MaggieSalak commented 2 years ago

cc @danigian

beitler commented 2 years ago

Hi @MaggieSalak,

thanks for posting the issue.

The default TC_TIMEOUT in LBS is 60 sec - if that is the case why is the LBS waiting ~2min before reconnecting to discovery endpoint?

LBS is not waiting 2 minutes before reconnecting. In fact, in the first round, LBS directly reconnects to the data endpoint (MUXS). Only after a few of these reconnect attempts fail, LBS resorts back to the discovery endpoint (INFOS), and finally back to the CUPS endpoint (if configured).

In your case it seems like the two minutes come from lower level TCP timeouts (host probably not responding to SYN?):

2022-02-11 09:50:42.307 [AIO:ERRO] Recv failed: NET - Connection was reset by peer
2022-02-11 09:50:42.307 [AIO:DEBU] [3] WS connection shutdown...
2022-02-11 09:50:42.307 [TCE:VERB] Connection to MUXS closed in state 4
2022-02-11 09:50:42.307 [TCE:INFO] MUXS reconnect backoff 4s (retry 2)

Station received a server-side TCP connection reset at 09:50:42. A retry is scheduled for 09:50:46 (4 seconds immediate retry back-off).

2022-02-11 09:52:57.010 [AIO:ERRO] [3] WS connect failed: NET - The connection to the given server / port failed
2022-02-11 09:52:57.010 [AIO:DEBU] [3] WS connection shutdown...
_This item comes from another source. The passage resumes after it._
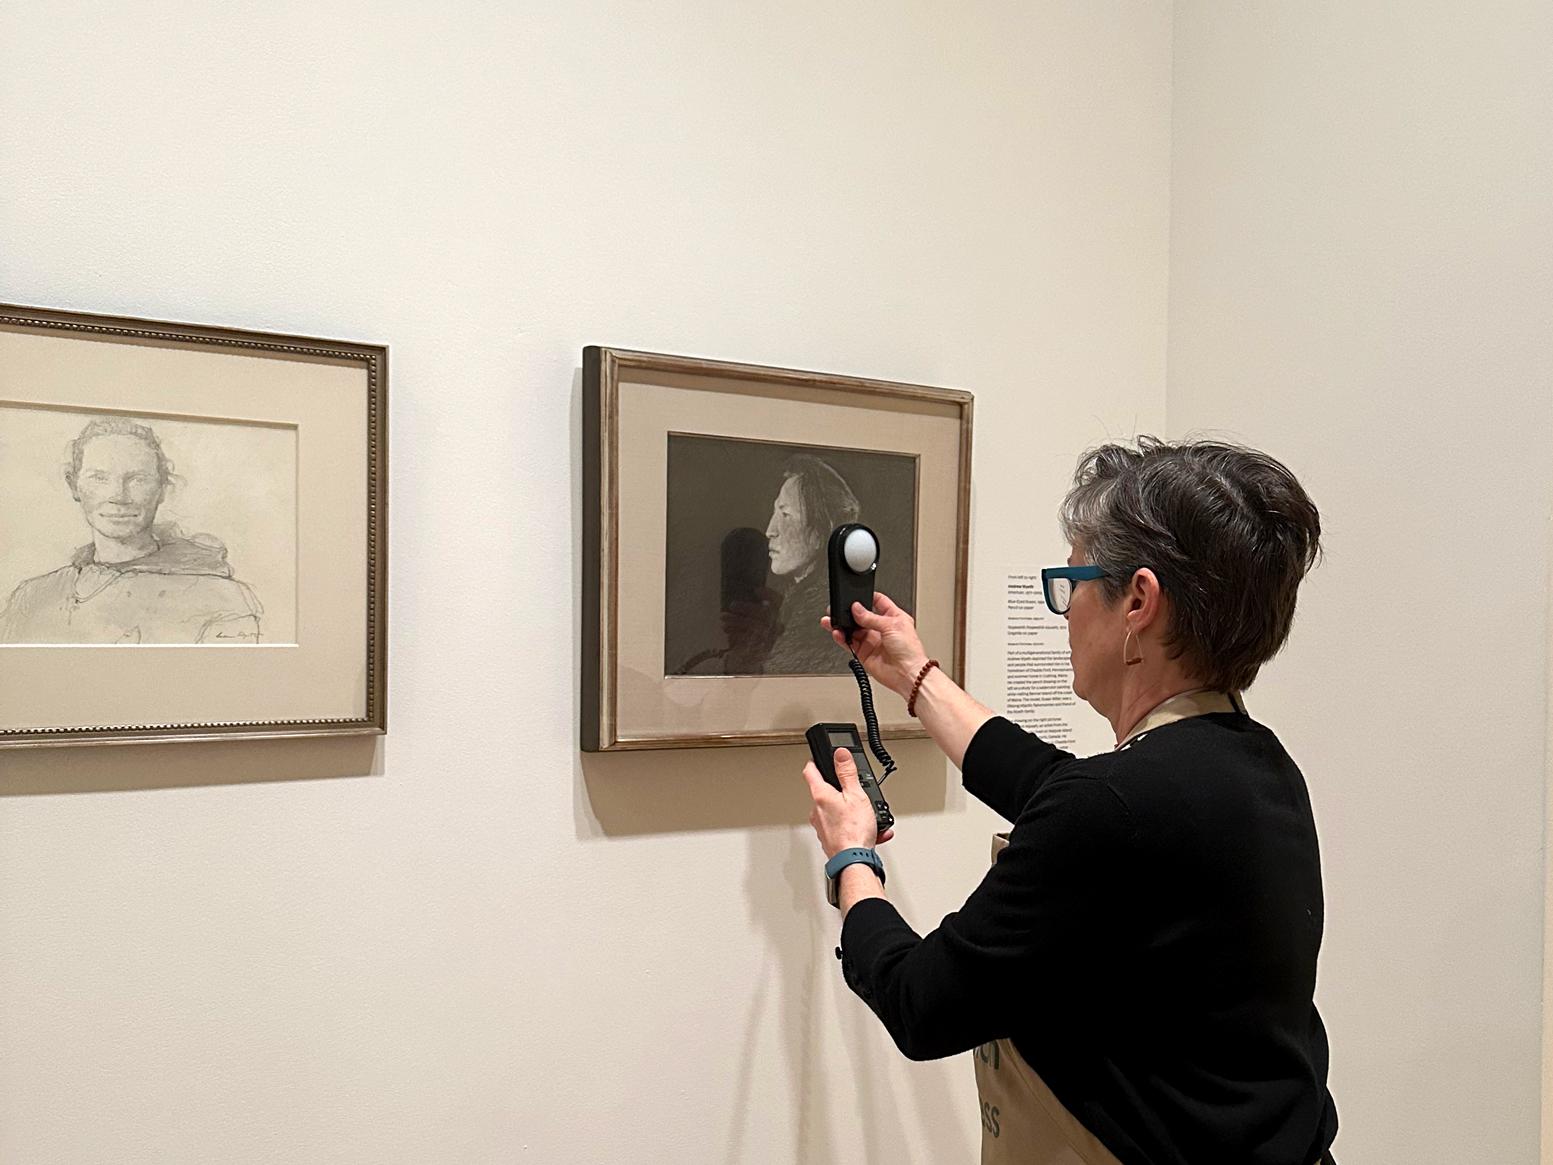 A woman holds a light meter in front of an artwork on paper hung on a gallery wall

Station reports at 09:52:57 that the connection failed. These are about 2 minutes after the retry attempt. This looks to me that the remote host did not respond to the TCP SYN and the TCP keep alive timeout kicks in. Next attempt is scheduled for 10 seconds later, i.e. 09:03:07:

2022-02-11 09:52:57.014 [TCE:INFO] INFOS reconnect backoff 10s (retry 1)

Finally, one minute after the INFOS reconnection attempt, station connects:

2022-02-11 09:54:11.899 [AIO:XDEB] [3] ws_connecting state=1
2022-02-11 09:54:11.899 [AIO:XDEB] [3] ws_connecting state=2
2022-02-11 09:54:11.900 [TCE:INFO] Connecting to INFOS: ws://192.168.86.33:5000

To get complete clarity, I propose you do a TCP packet scan. But from the logs it looks like you shutdown the target port around 09:50 and didn't restart it until around 09:54:11. That (together with a possible DROP firewall target instead of REJECT) could explain this behavior.
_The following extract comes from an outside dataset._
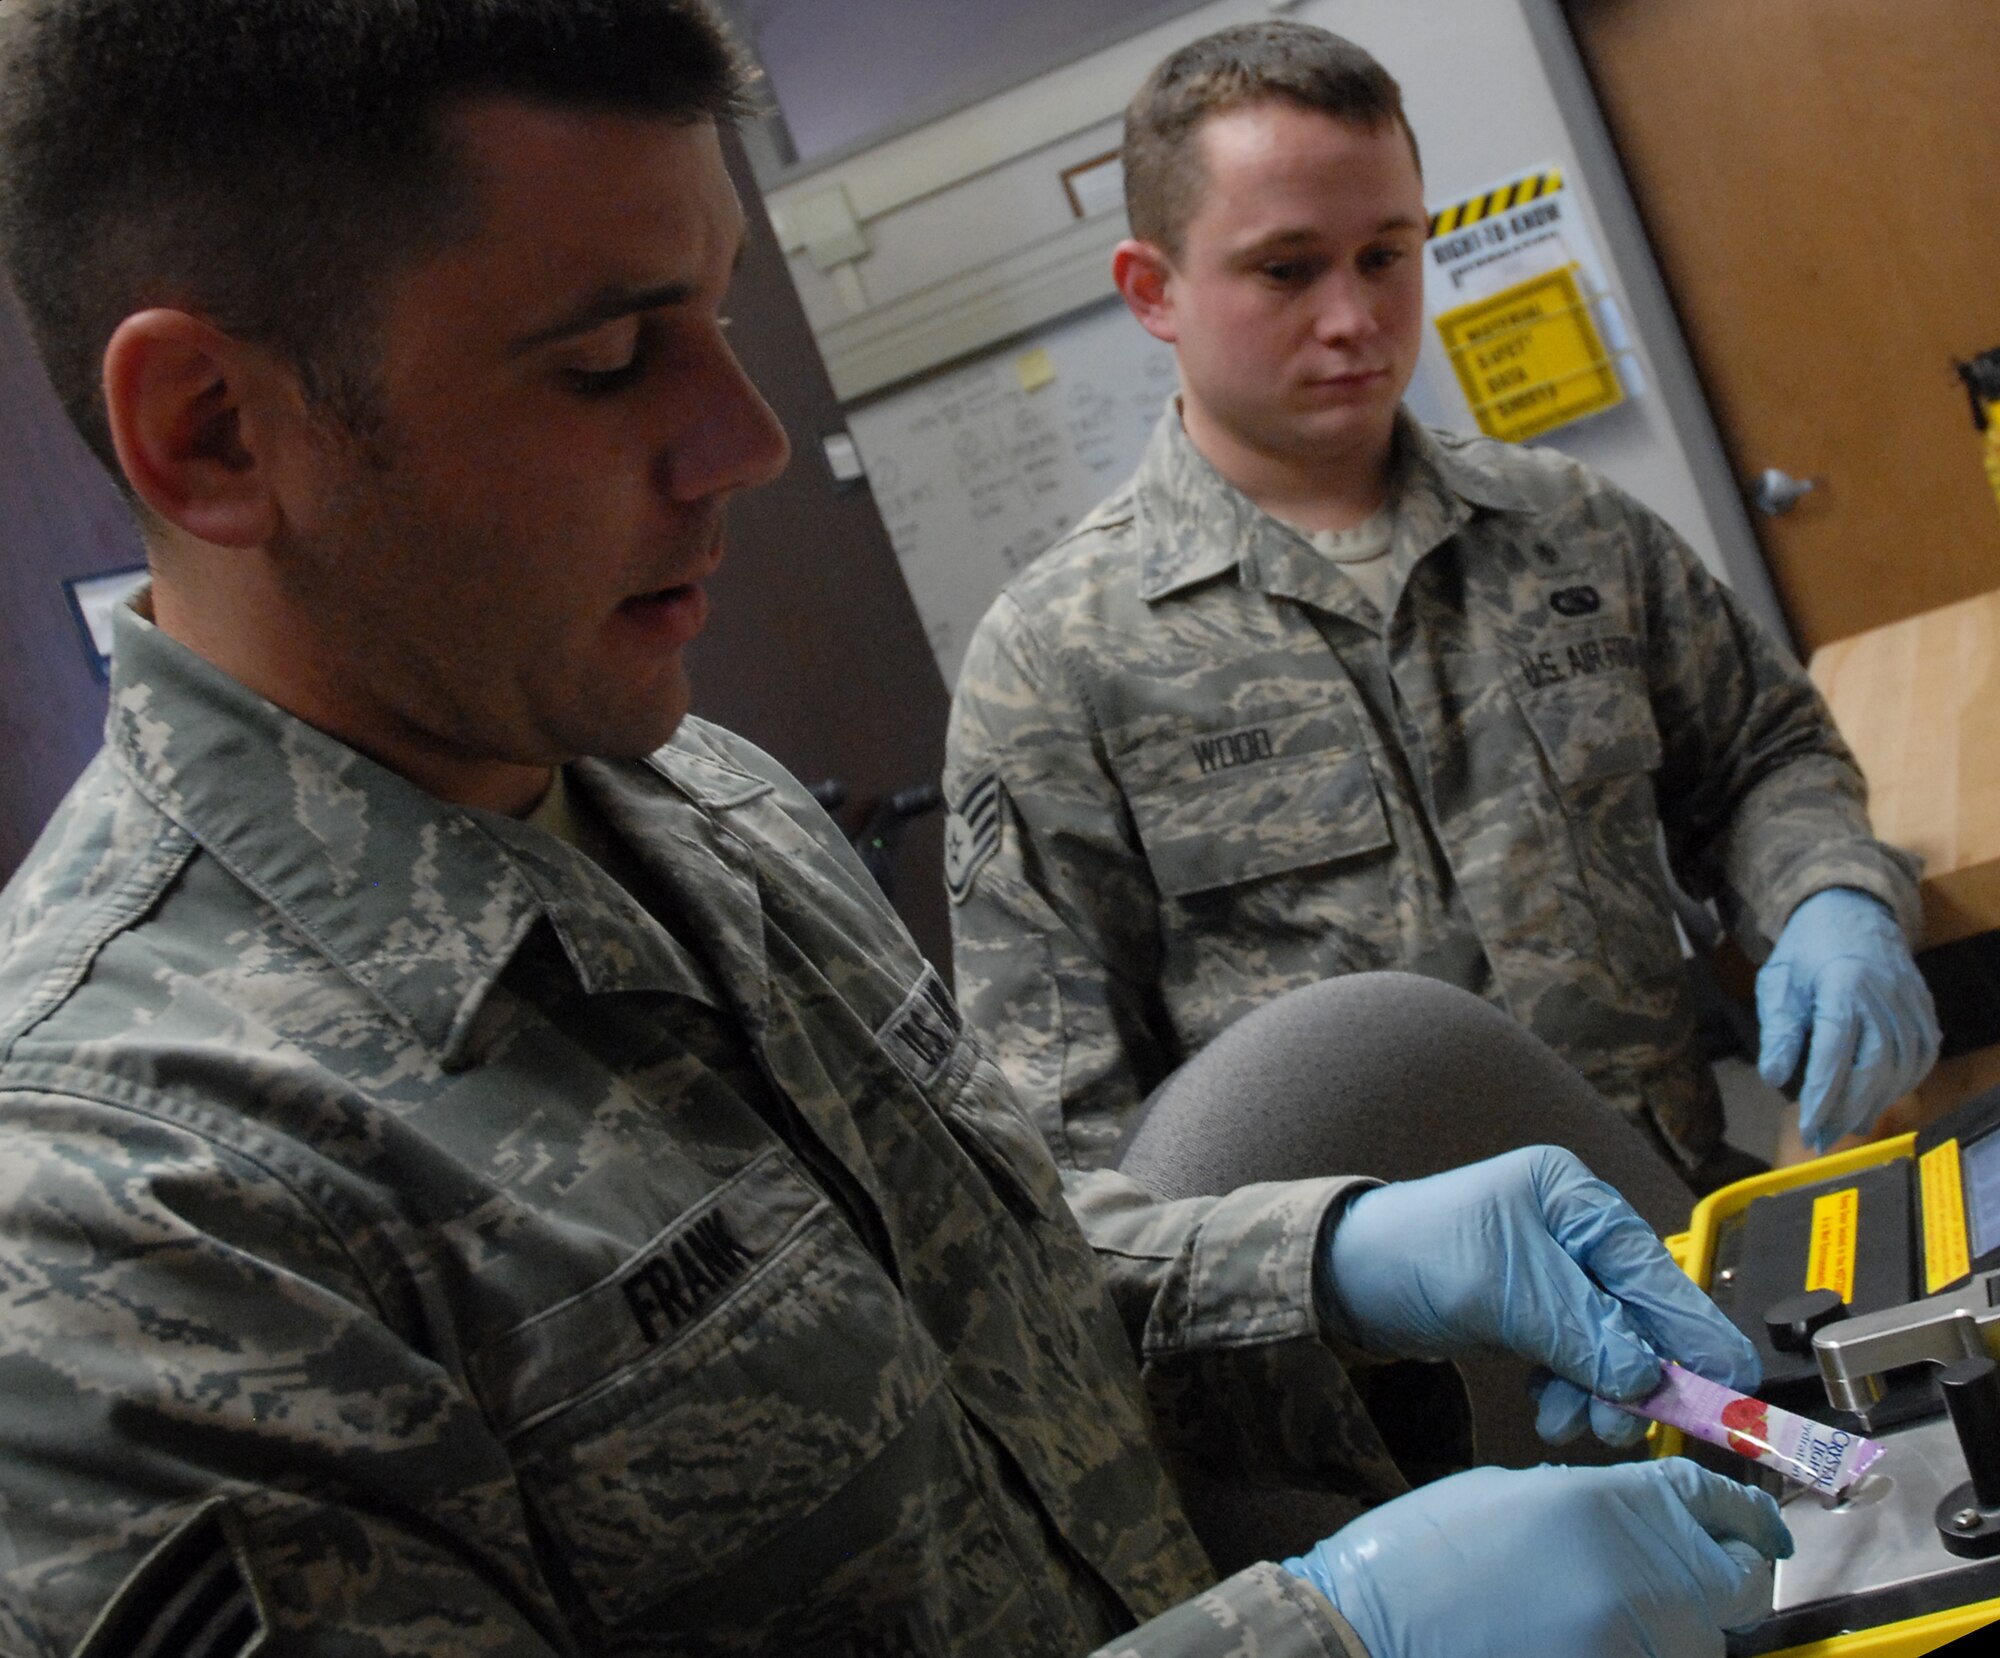 Senior Airman Rich Frank, 341st Medical Operations Squadron bioenvironmental engineer, demonstrates the capabilities of bioenvironmental equipment to identify substances March 4 at the bioenvironmental building. Staff Sgt. James Wood, observing, is also a bioenvironmental engineer with the 341st MDOS and is Airman Frank's supervisor. (U.S. Air Force Photo/Staff Sgt. Dillon White)

After reconnecting, why is the LBS dropping all messages?

Station drops the messages in your case because it had to go back to the discovery endpoint (INFOS). If the data endpoint retry (MUXS) had been successful, station would have played back all the buffered messages to the LNS. This is certainly something that can be improved. In the future, we are looking into making such behavior more configurable.

On a separate note: I see you are using version 2.0.5. Is there a chance you could move to version 2.0.6?

danigian commented 2 years ago

Hi @beitler, thanks for your answer. The behavior we are encountering is exactly what you described: the target port is being shutdown and the 2 minutes are kicking in. I was able to reproduce the issue with version 2.0.6 of the Basics Station.

Regarding the second part of your question, it would be great to configure the behavior of (not) dropping messages if we are going back to the discovery endpoint. In a scenario where there are two LoRa Network Servers for redundancy (one active, one passive) plus an external discovery service, it is important to have the possibility to switch to the other LNS without dropping potentially useful telemetry collected in the seconds/minutes for the switch.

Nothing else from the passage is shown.